[PR #15716] server: fix download stall watchdog not firing when no bytes arrive #77570

Open
opened 2026-05-05 10:14:29 -05:00 by GiteaMirror · 0 comments
Owner

📋 Pull Request Information

Original PR: https://github.com/ollama/ollama/pull/15716
Author: @alvinttang
Created: 4/20/2026
Status: 🔄 Open

Base: mainHead: fix/download-stall-watchdog-zero-progress


📝 Commits (1)

  • 3b754dd server: fix download stall watchdog not firing when no bytes arrive

📊 Changes

2 files changed (+75 additions, -5 deletions)

View changed files

📝 server/download.go (+12 -5)
server/download_test.go (+63 -0)

📄 Description

Summary

Fixes a client-side watchdog bug in downloadChunk that matches the "99% hang" symptom tracked in #1736 and the maintainer-described pattern of "certain parts stall completely and zero data is received from the backend. The connection itself is still healthy so it doesn't trigger a retry".

Root cause

The per-part stall watchdog in server/download.go was gated by two conditions that, together, silently disabled it on the cases where it was most needed:

  1. The initial-byte guardif !lastUpdated.IsZero() && time.Since(lastUpdated) > 30*time.Second means the stall timer only starts after the first byte is written. A stream that never delivers a byte is never checked.
  2. The reset-to-zero on stall — after firing errPartStalled the watchdog wrote part.lastUpdated = time.Time{}. The outer retry loop then calls downloadChunk again. The new watchdog instance re-reads the zero-value lastUpdated, the guard above fails, and if the new connection also stalls before producing any bytes, no timeout ever fires and the goroutine blocks forever on a dead TCP stream.

In practice this is what users see as the "99% hang": after the first stall is detected and retried, the retry's new stream opens successfully but streams zero bytes (Cloudflare / R2 byte-range stream goes dead, TCP stays open, no FIN). With no watchdog, only Ctrl+C recovers.

Fix

  • Initialize part.lastUpdated = time.Now() at watchdog entry so the stall timer has a reference point even before the first byte arrives.
  • Drop the !lastUpdated.IsZero() guard and the subsequent reset-to-zero block — both were the mechanism of the bug.
  • Extract the magic 30 * time.Second into a package var stallDuration so tests can shorten it. Production default is unchanged.

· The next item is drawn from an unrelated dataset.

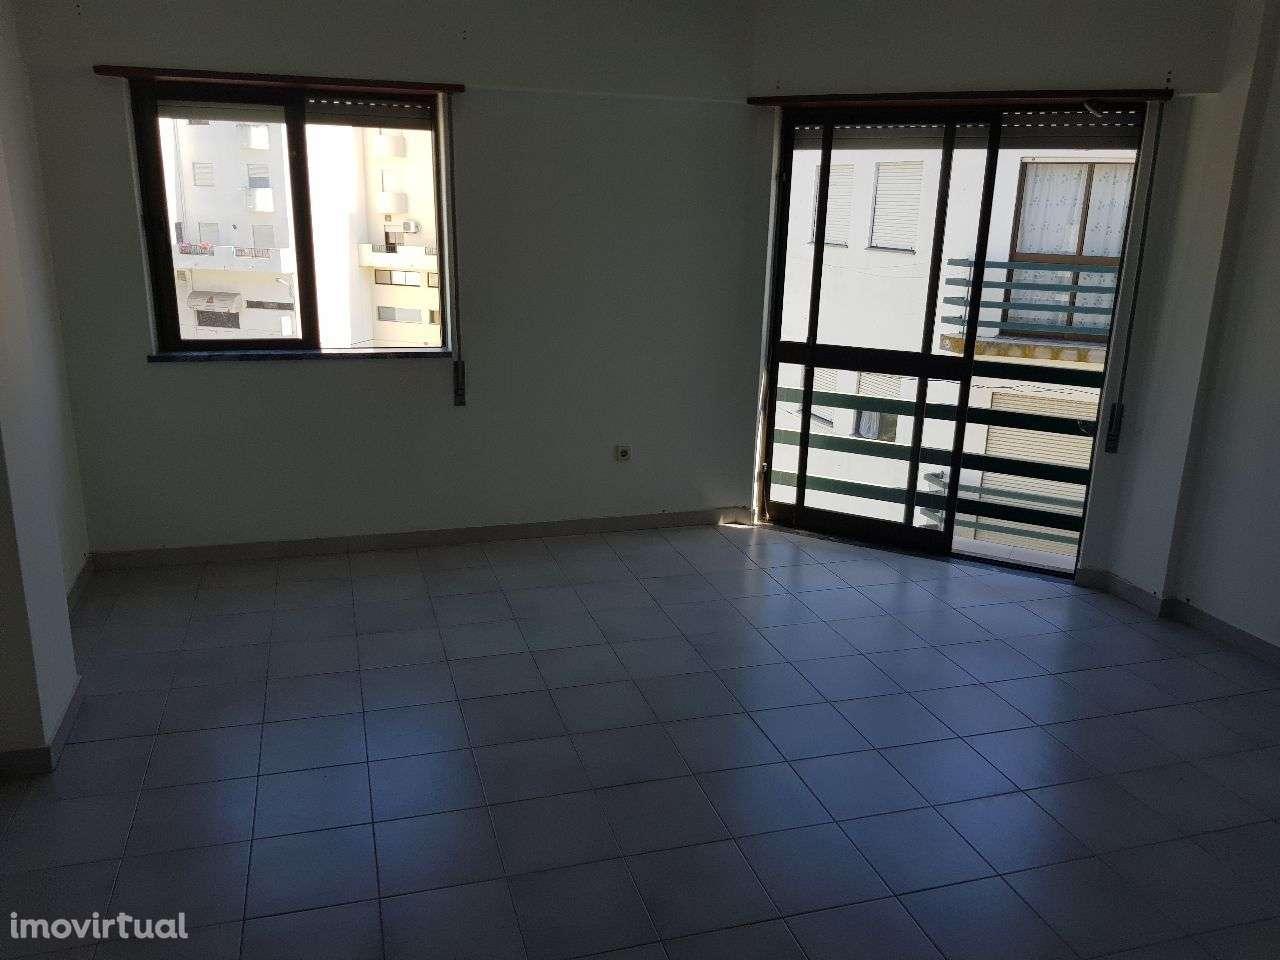 Apartamento para arrendar, Santarém (Marvila), Santa Iria da Ribeira de Santarém, Santarém (São Salvador) e Santarém (São Nicolau), Santarém - Foto 2

Diff is 10 lines of code change in server/download.go and 63 lines of new test.

Test plan

New test TestDownloadChunkStallWatchdogFiresWithoutProgress in server/download_test.go:

  • Starts an httptest.Server whose handler writes 206 Partial Content headers, flushes, then blocks on r.Context().Done() — i.e. it accepts the connection but streams zero body bytes. This mirrors the mxyng-described pattern exactly.
  • Calls b.downloadChunk with a short stallDuration (200 ms) and a 5 s outer context deadline.
  • Asserts that downloadChunk returns errPartStalled in under 2 s.

Before the fix: the test returns context deadline exceeded at 5 s (watchdog never fires).
After the fix: the test returns errPartStalled at ~1 s (first ticker tick).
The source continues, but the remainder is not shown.